Дифтерия
Для токсической Д. ротоглотки II и III степени и гипертоксической Д. характерно одновременное появление и быстрое нарастание интоксикации, болевых ощущений, отека слизистой оболочки ротоглотки, распространение пленчатых налетов и увеличение регионарных лимфатических узлов. Начало болезни при этих формах острое или бурное, высокая температура тела (39—41°) держится в течение 3—5 дней, отмечаются резкая головная боль, прогрессирующая слабость, резкая бледность кожи, анорексия. возможны периодическое возбуждение по типу делирия, повторная рвота, боли в животе. Боль в горле затрудняет глотание твердой, а затем и жидкой пищи. Кроме того, больные жалуются на сильные боли в области шеи, боли при открывании рта и пальпации шейных лимфатических узлов; чем больше компонентов болевого синдрома, тем тяжелее форма болезни. Рано появляются выраженный отек небных миндалин (они смыкаются, выбухают кпереди), мягкого и твердого неба, а также пленчатые налеты на гиперемированных с цианотичным оттенком миндалинах и слизистой оболочке ротоглотки (рис. 3 в). При отсутствии лечения противодифтерийной сывороткой налеты сохраняются до 2—3 нед. Быстро и значительно увеличиваются (до 3—5 см в диаметре) и уплотняются регионарные лимфатические узлы. Характерен резкий приторно-сладкий запах изо рта, который может ощущаться даже на расстоянии от больного. Отек подкожной клетчатки шеи (рис. 3 б) появляется на 1—2-е сутки болезни, быстро увеличивается и распространяется вниз по передней поверхности шеи до ключиц (при токсической дифтерии II степени), ниже ключиц (при токсической дифтерии III степени). При гипертоксической Д., а иногда и при токсической дифтерии III степени отек может переходить на лицо и спину, резко выбухает. Если не проводится лечение противодифтерийной сывороткой, у больных токсической дифтерией III степени и гипертоксической Д. развивается инфекционно-токсический шок — на 2—3-й день болезни при токсической дифтерии III степени и на 1—2-й день при гипертоксической Д.; затем присоединяется ДВС-синдром, или тромбогеморрагический синдром (токсическая дифтерия III степени с геморрагическим синдромом геморрагический вариант гипертоксической формы Д.). Возможно развитие инфекционно-токсического шока и ДВС-синдрома и при токсической Д. ротоглотки II степени, этому способствуют ранний возраст больного и сочетание с Д. другой локализации.

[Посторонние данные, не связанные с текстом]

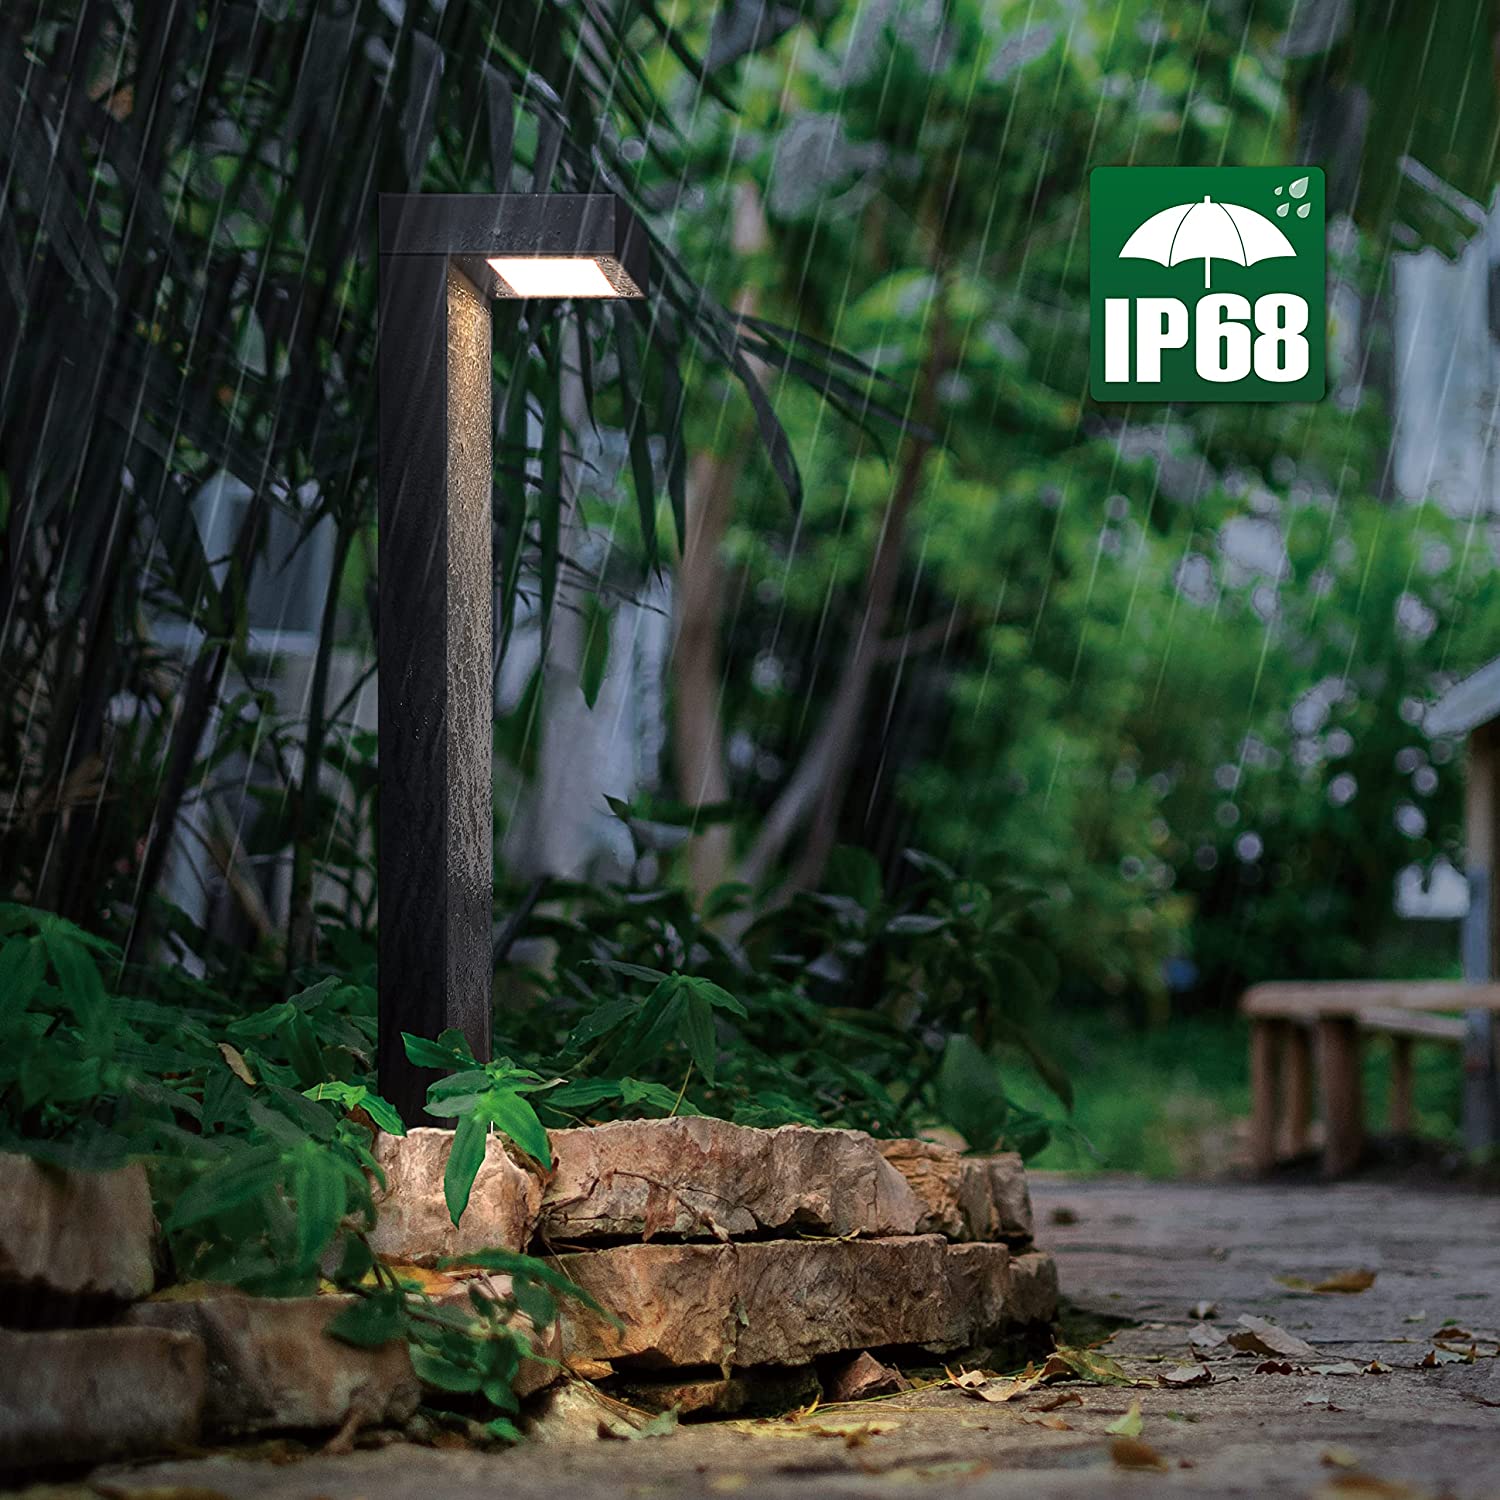 ABBA Lighting USA, ALP19 4-Pack 3W LED Landscape Pathway Light Package, 12V Low Voltage Modern Path Lights

При гипертоксической Д. интоксикация с развитием симптомов инфекционно-токсического шока может опережать развитие местного процесса, причем в первые часы болезни отмечается более быстрое нарастание отека в перитонзиллярной и перифаринтеальной областях, чем на миндалинах. При молниеносном варианте гипертоксической Д. летальный исход может наступить до развития характерного местного процесса.
Для субтоксической, токсической и гипертоксической Д. ротоглотки характерны лейкоцитоз с выраженным нейтрофильным и палочкоядерным сдвигом (в тяжелых случаях число палочкоядерных форм достигает 25—50%), протеинурия, цилиндрурия.

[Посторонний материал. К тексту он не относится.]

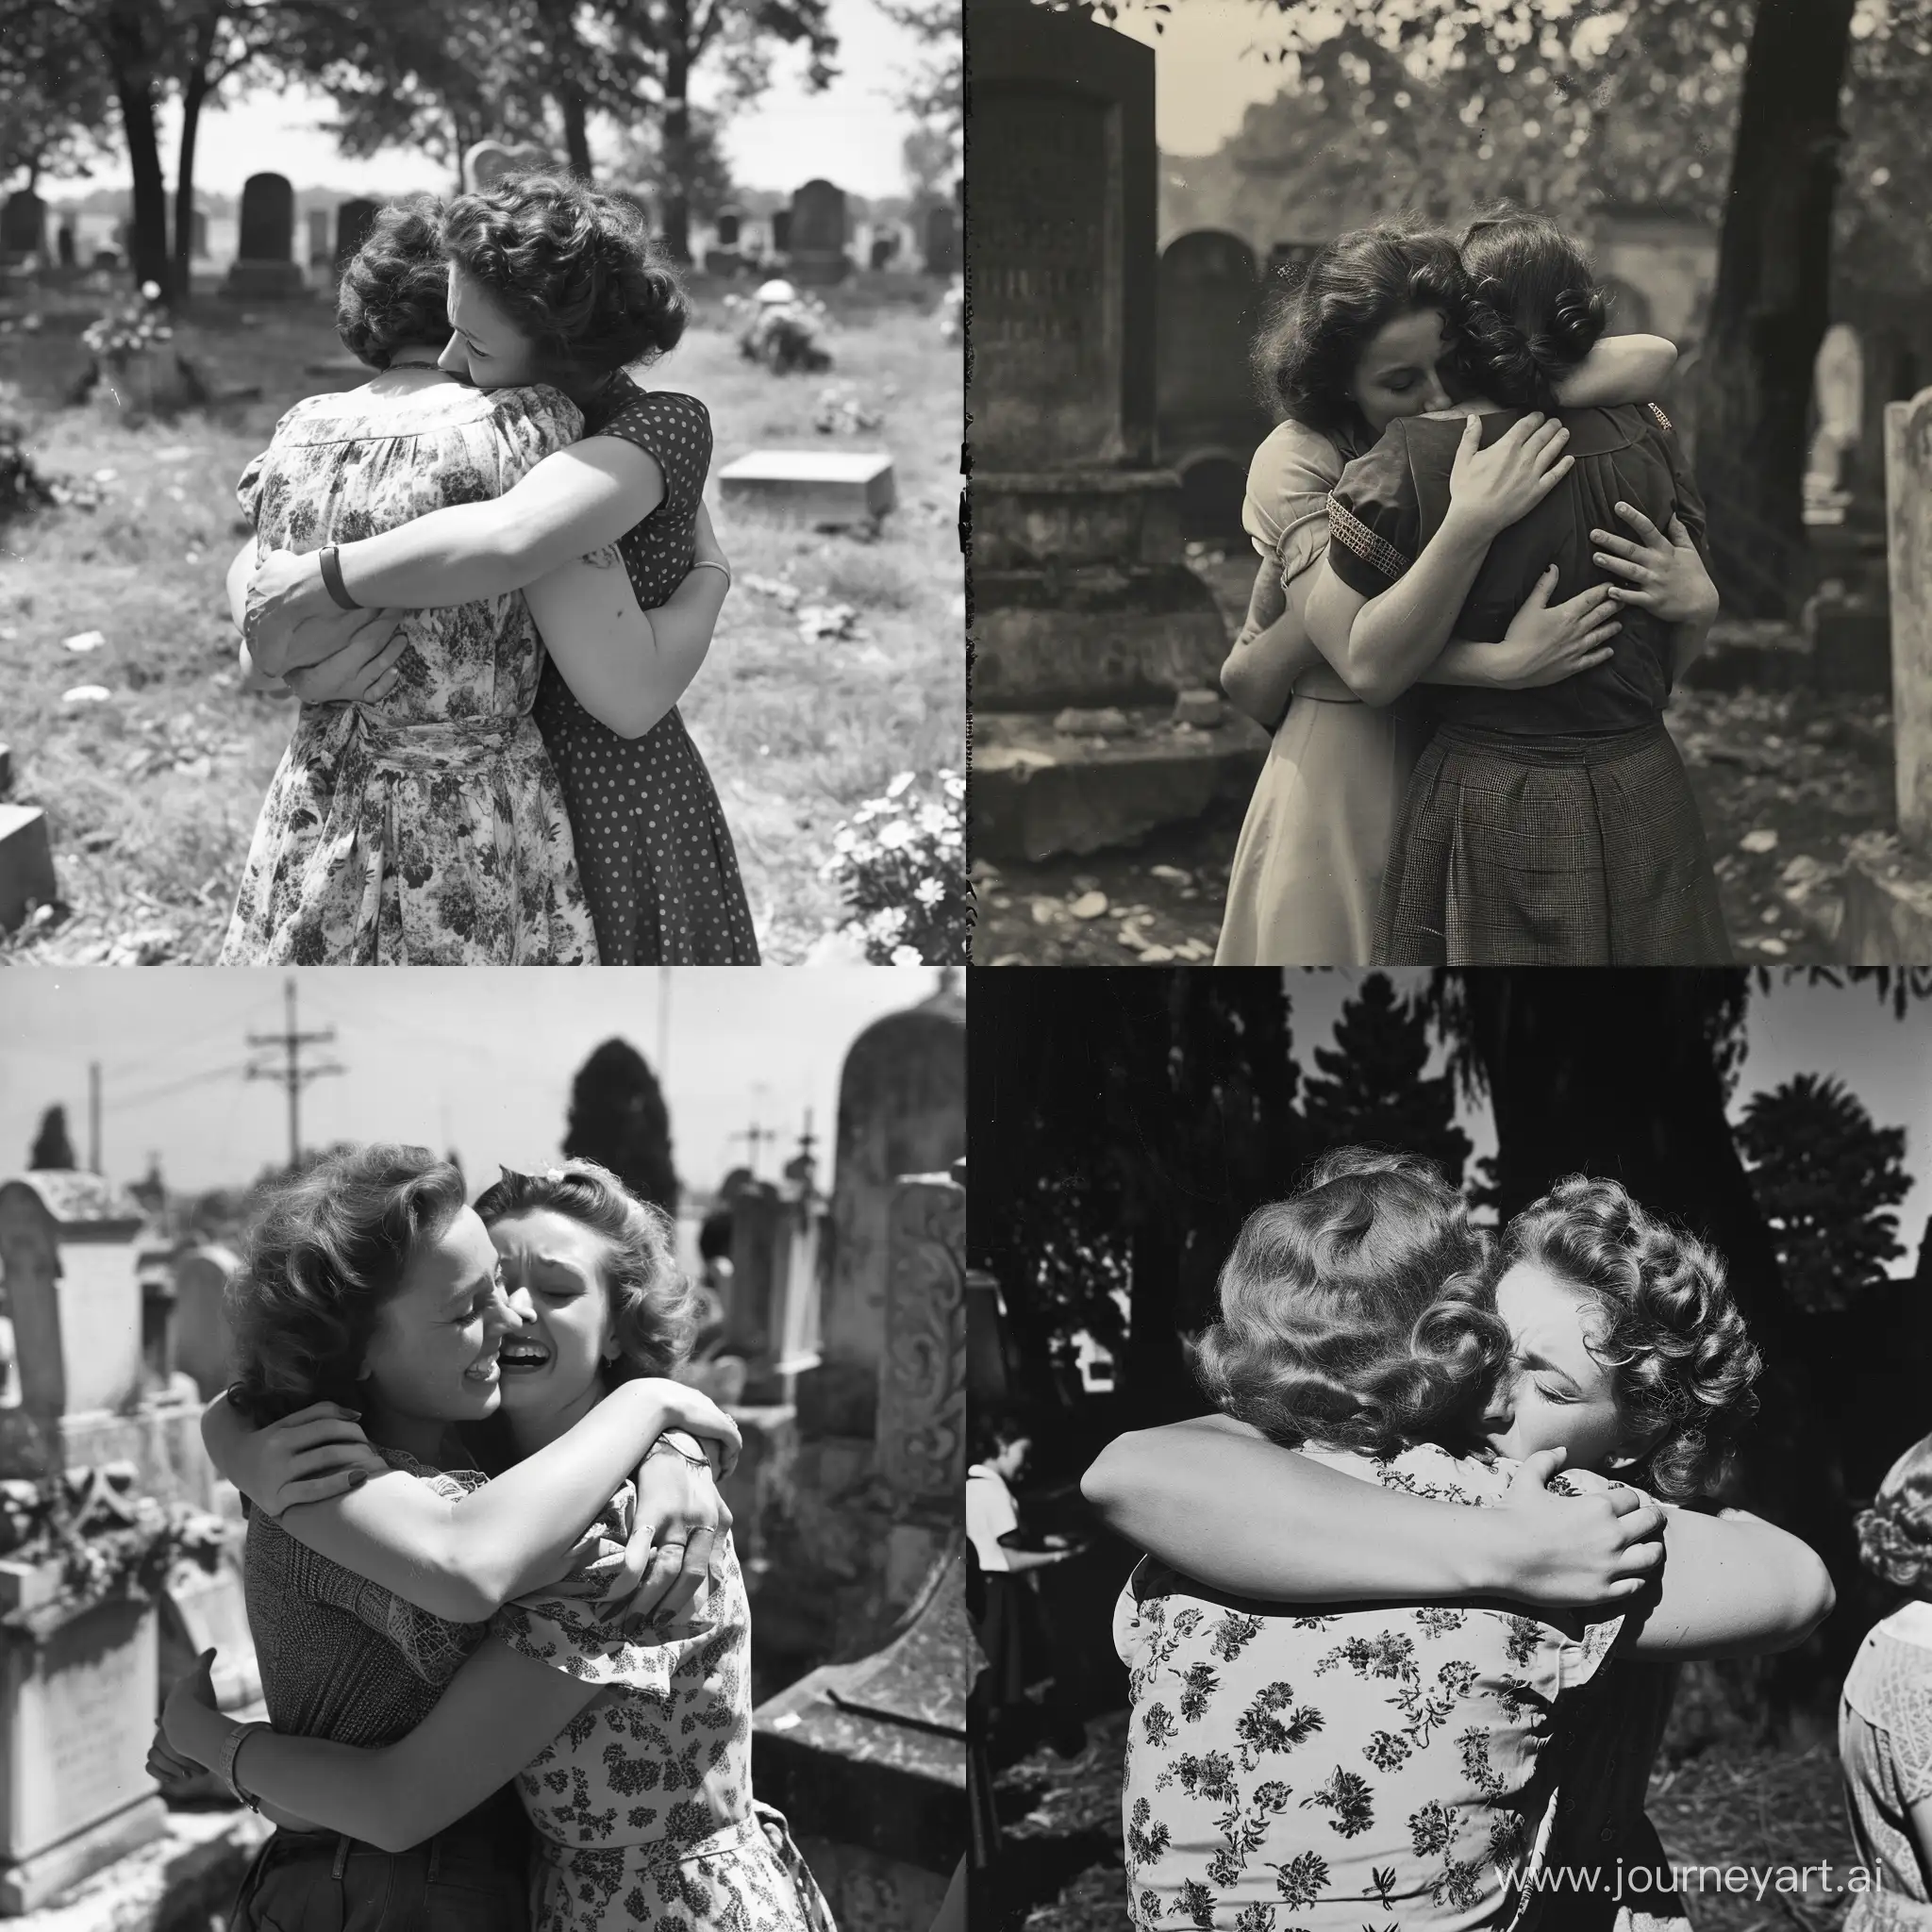 Lesbian-European-French-1950s-Photo-Emotional-Cemetery-Hug

Дифтерия гортани (устаревшее: дифтерийный круп) среди других форм Д. регистрируется у 3—4% непривитых детей, крайне редко — у взрослых. Примерно в 10 раз чаще Д. гортани наблюдается в сочетании с Д. другой локализации (преимущественно с Д. ротоглотки). Различают локализованную Д. гортани и распространенную Д. гортани и трахеи (вариант А) и Д. гортани, трахеи и бронхов (вариант Б). Наиболее тяжело протекает распространенная, Д. гортани.
Для Д. гортани у детей характерно постепенное прогрессирующее развитие основных симптомов: кашля, осиплости голоса и стеноза гортани. В связи с этим выделяют три стадии заболевания: катаральную, стенотическую и асфиктическую. Катаральная стадия начинается появления влажного кашля на фоне незначительной интоксикации, температура тел обычно не превышает 38°. Затем кашель усиливается, становится грубым, «лающим», присоединяется небольшая осиплость голоса, которая прогрессивно нарастает и не исчезает после отвлекающей и антиспастической терапии. При ларингоскопии определяются отек и гиперемия слизистой оболочки гортани, пленки отсутствуют. Длительность катаральной стадии от 1 до сут., у детей первого года жизни иногда сокращается до 12 ч.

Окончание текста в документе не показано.